> [Instructions to follow]: Could you please output only the lines from the one holding "Seatpost mike burrows carbon fiber 27,2mm" through the end of the listing below, exactly as written and without pictures?

> [Provided material]:
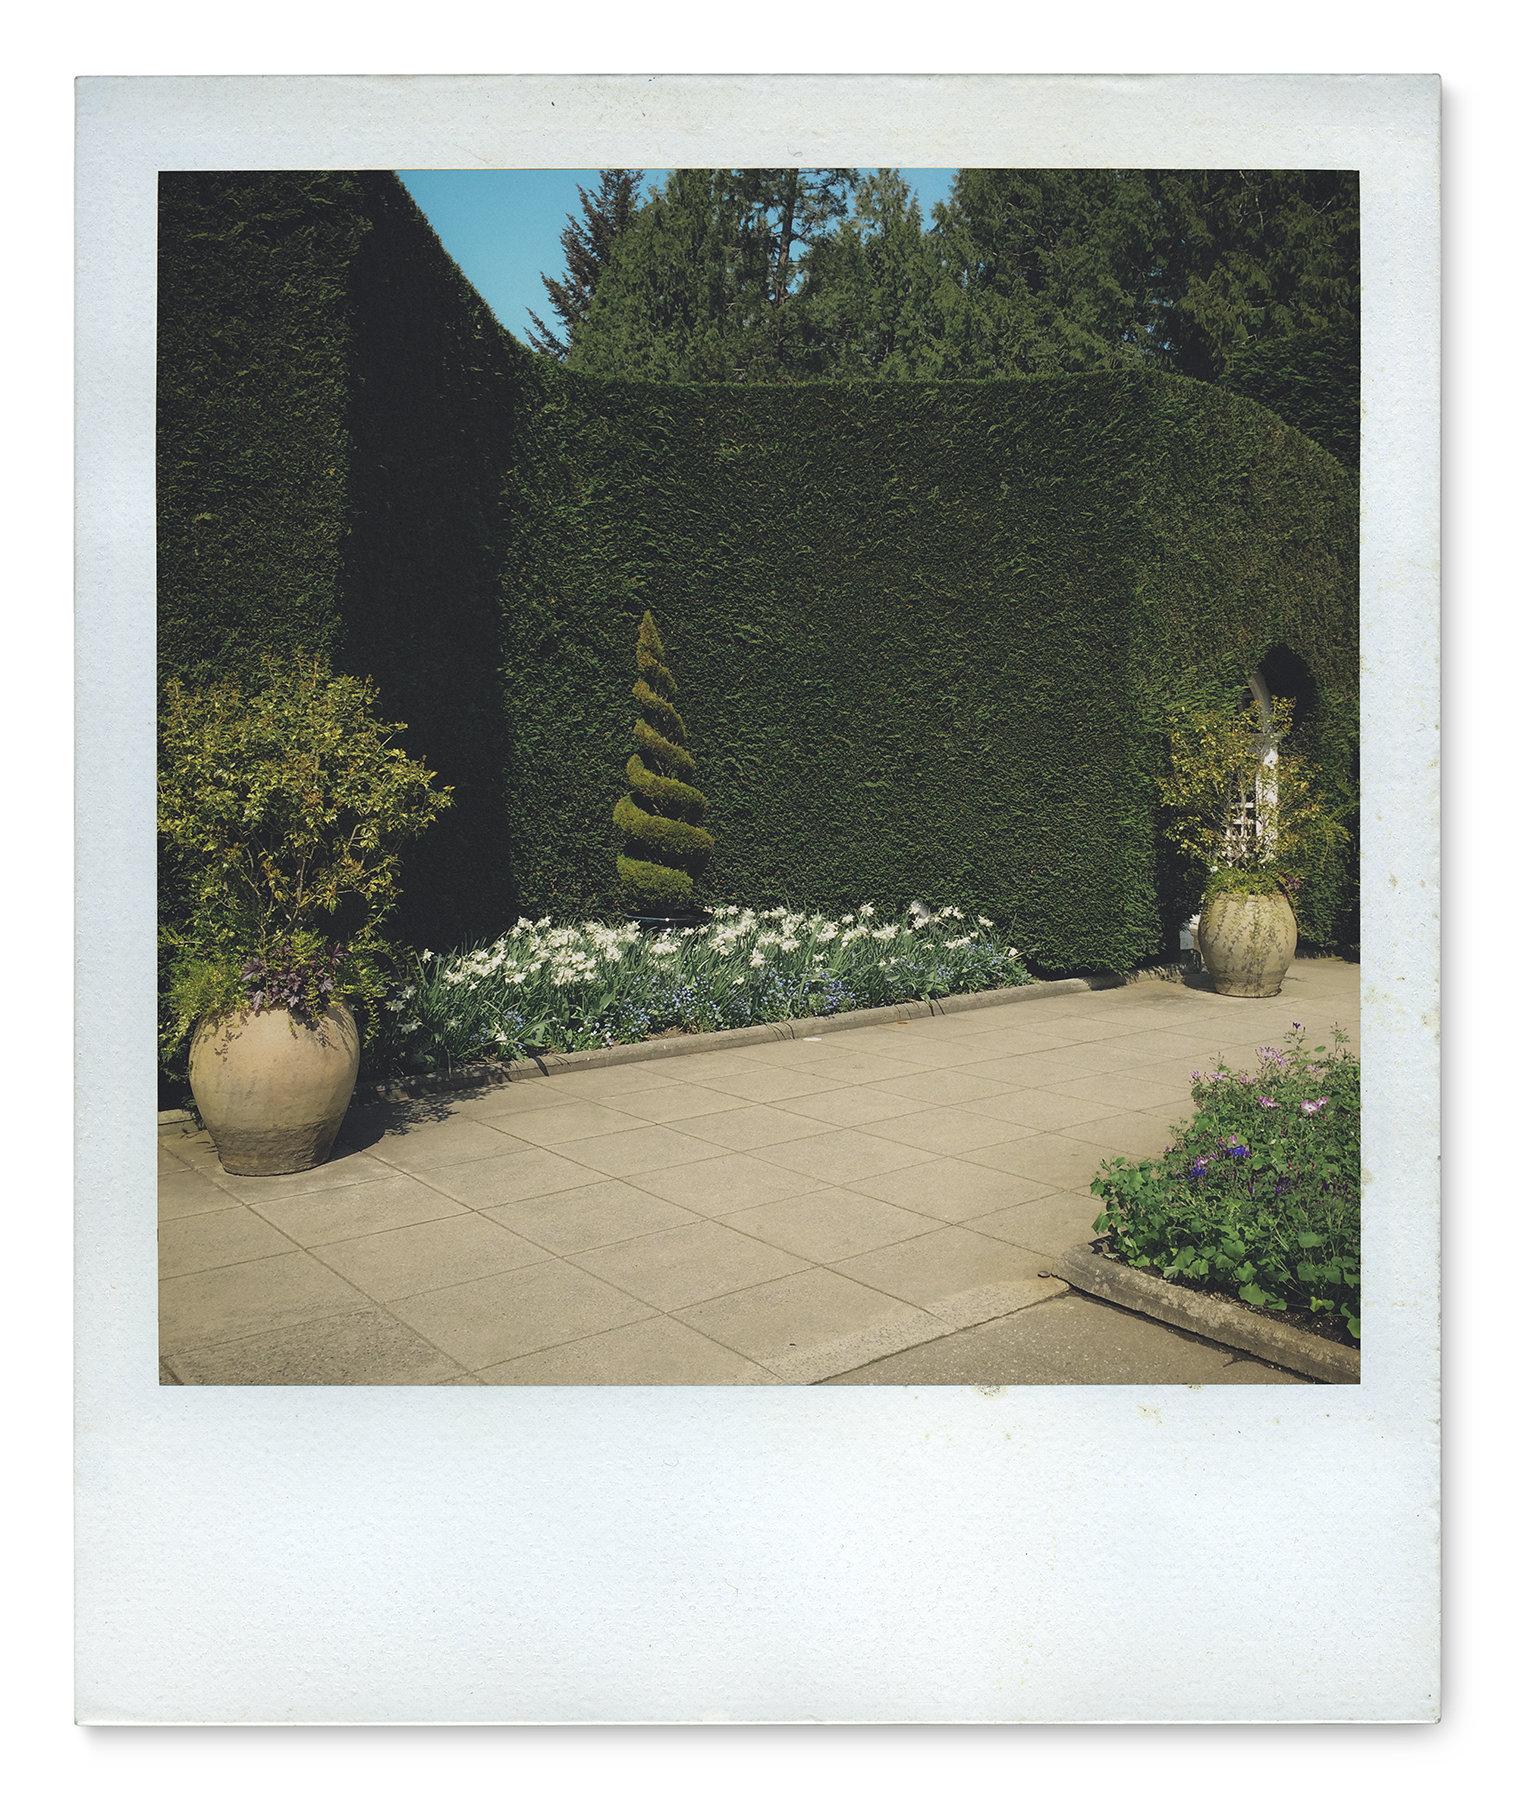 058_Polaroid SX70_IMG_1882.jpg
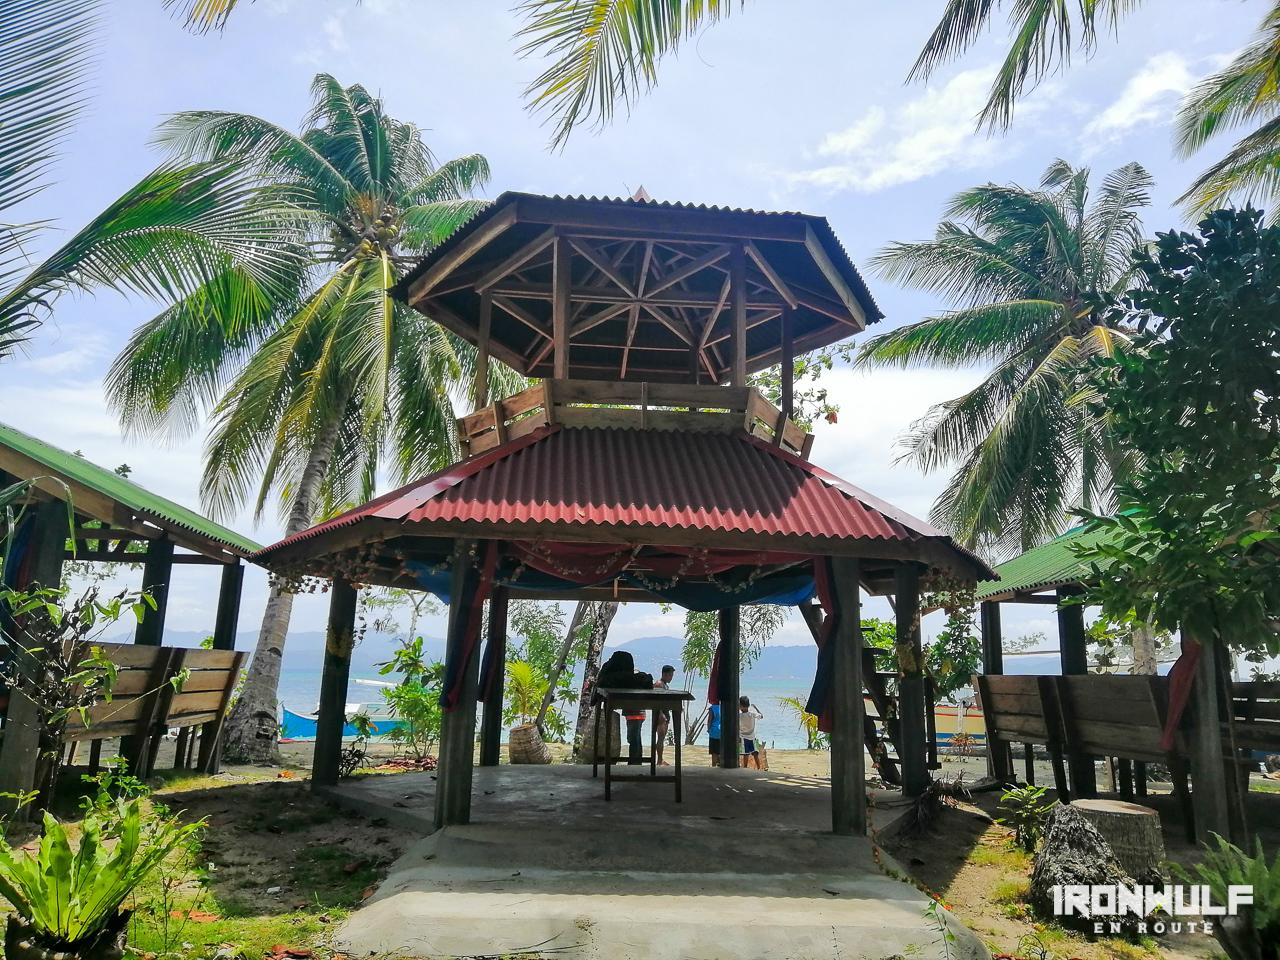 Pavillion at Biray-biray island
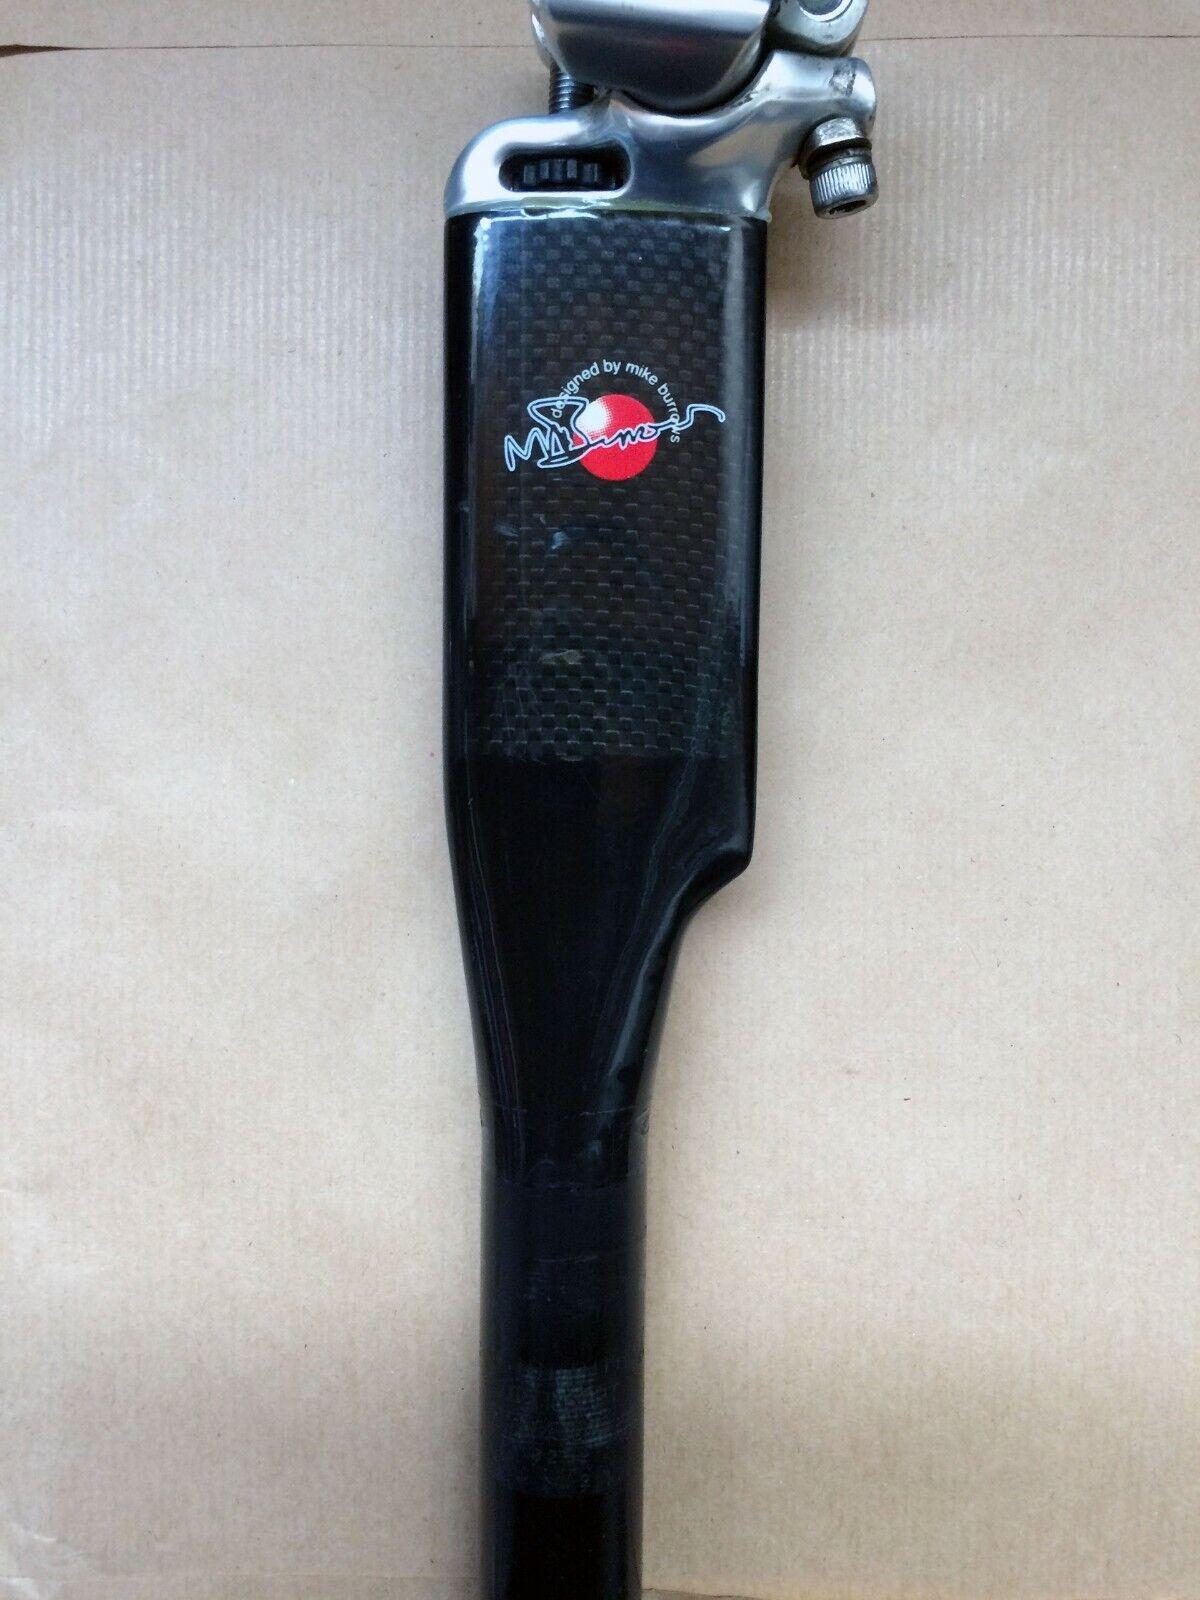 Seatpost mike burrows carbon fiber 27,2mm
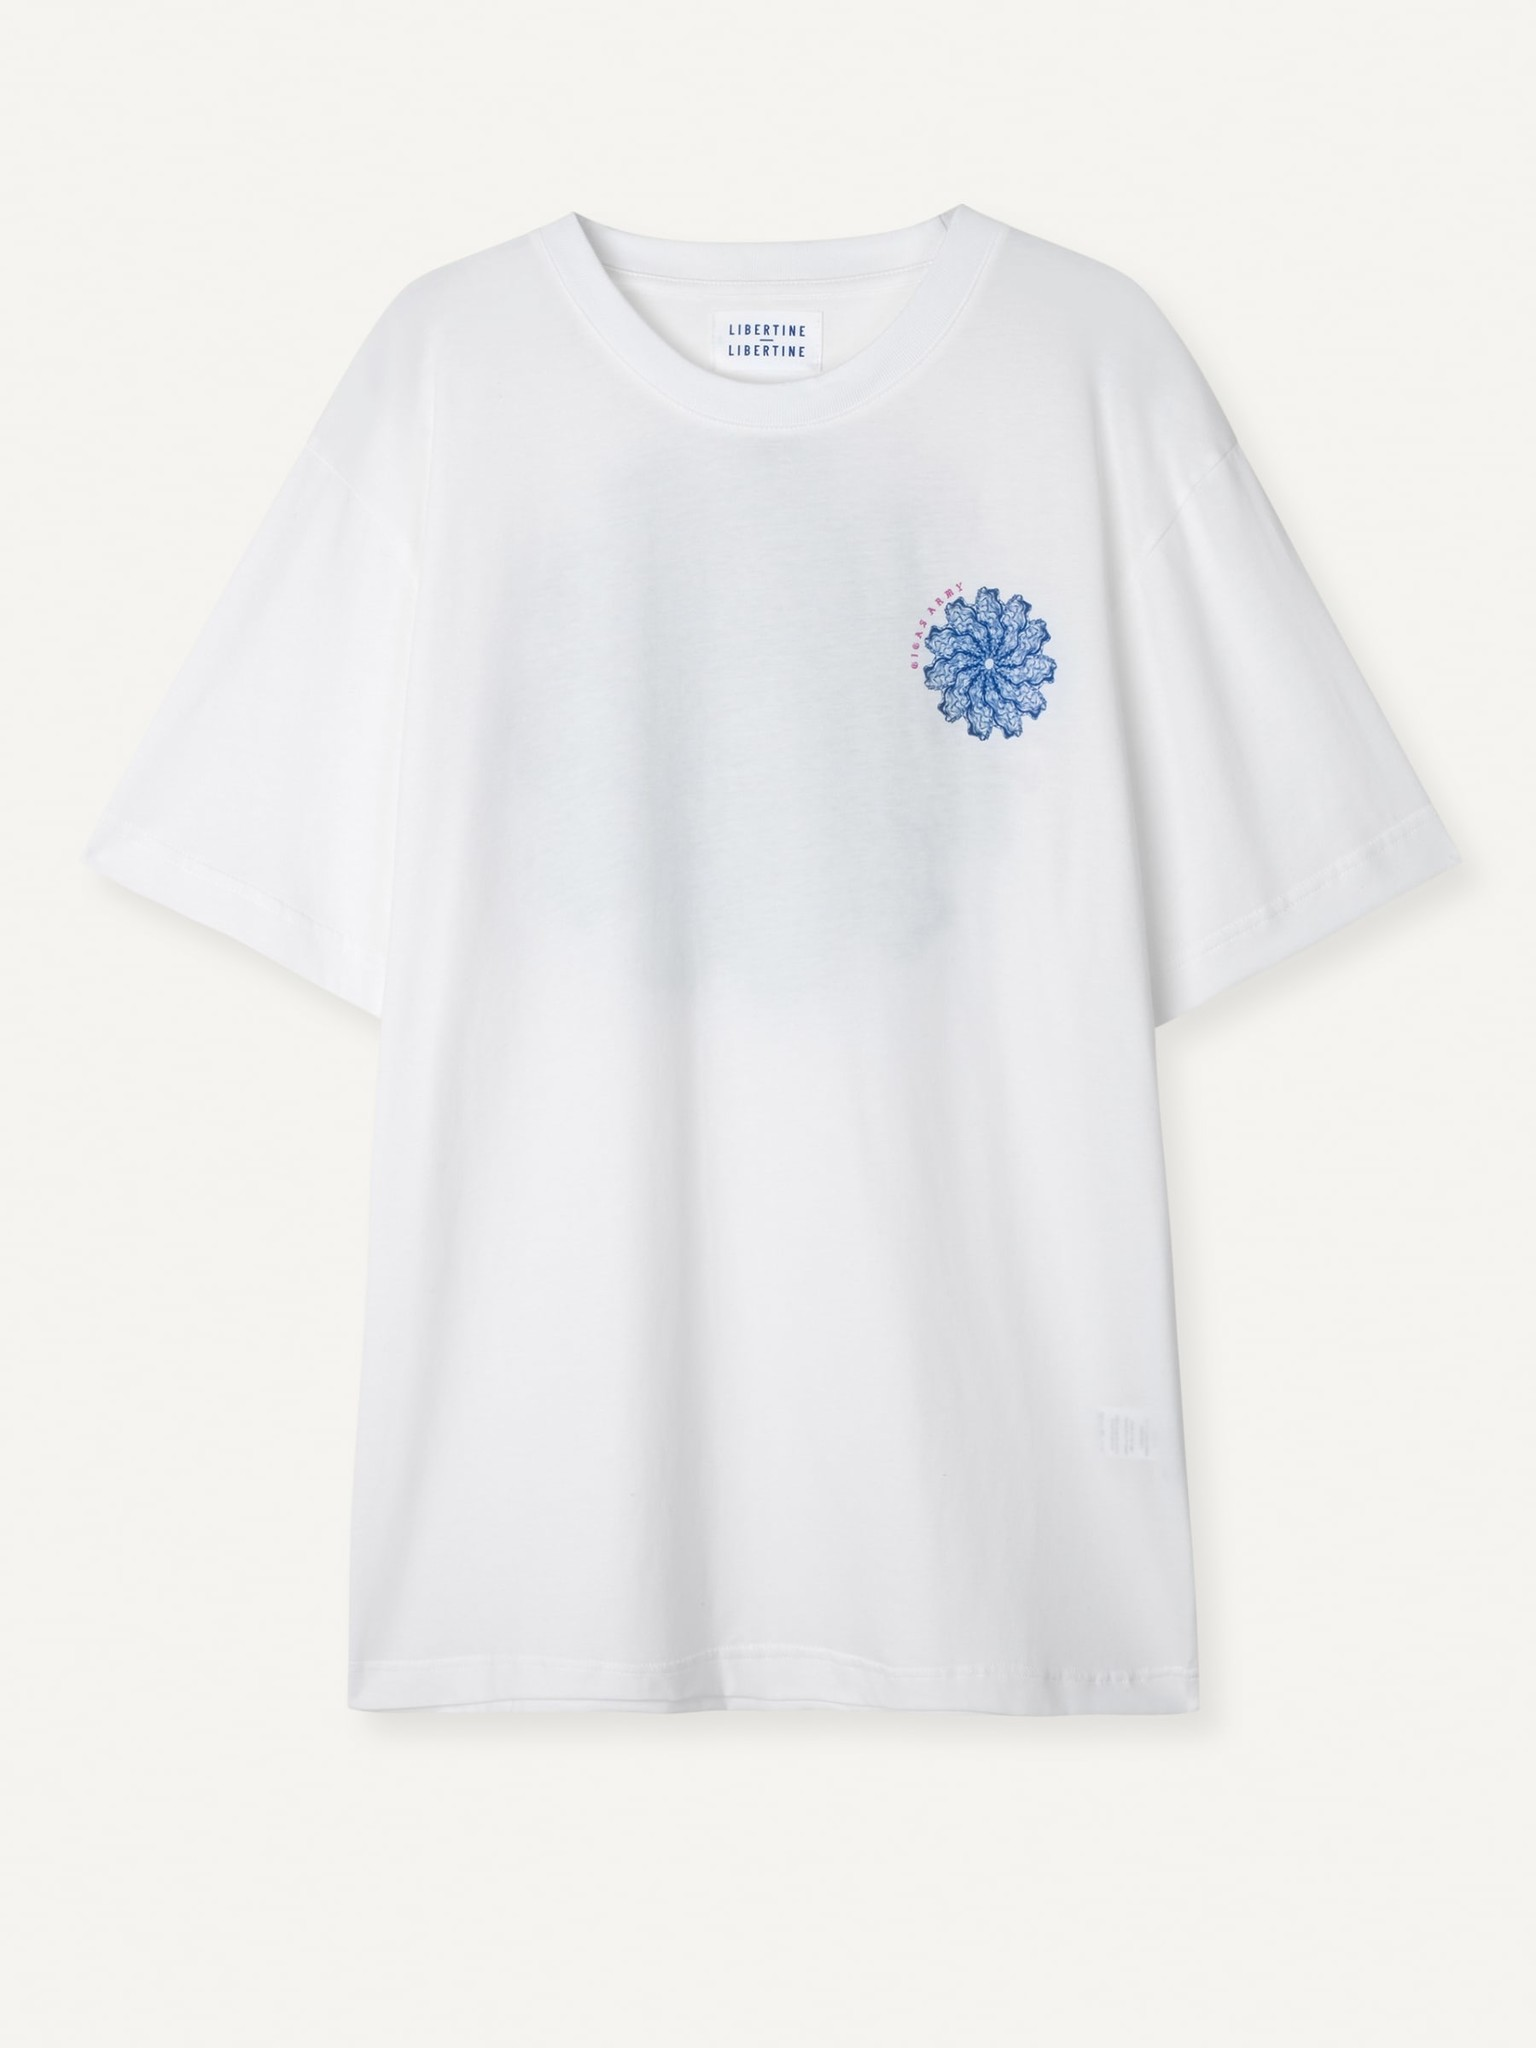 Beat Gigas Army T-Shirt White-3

> [Answer area]:
 Seatpost mike burrows carbon fiber 27,2mm
 Beat Gigas Army T-Shirt White-3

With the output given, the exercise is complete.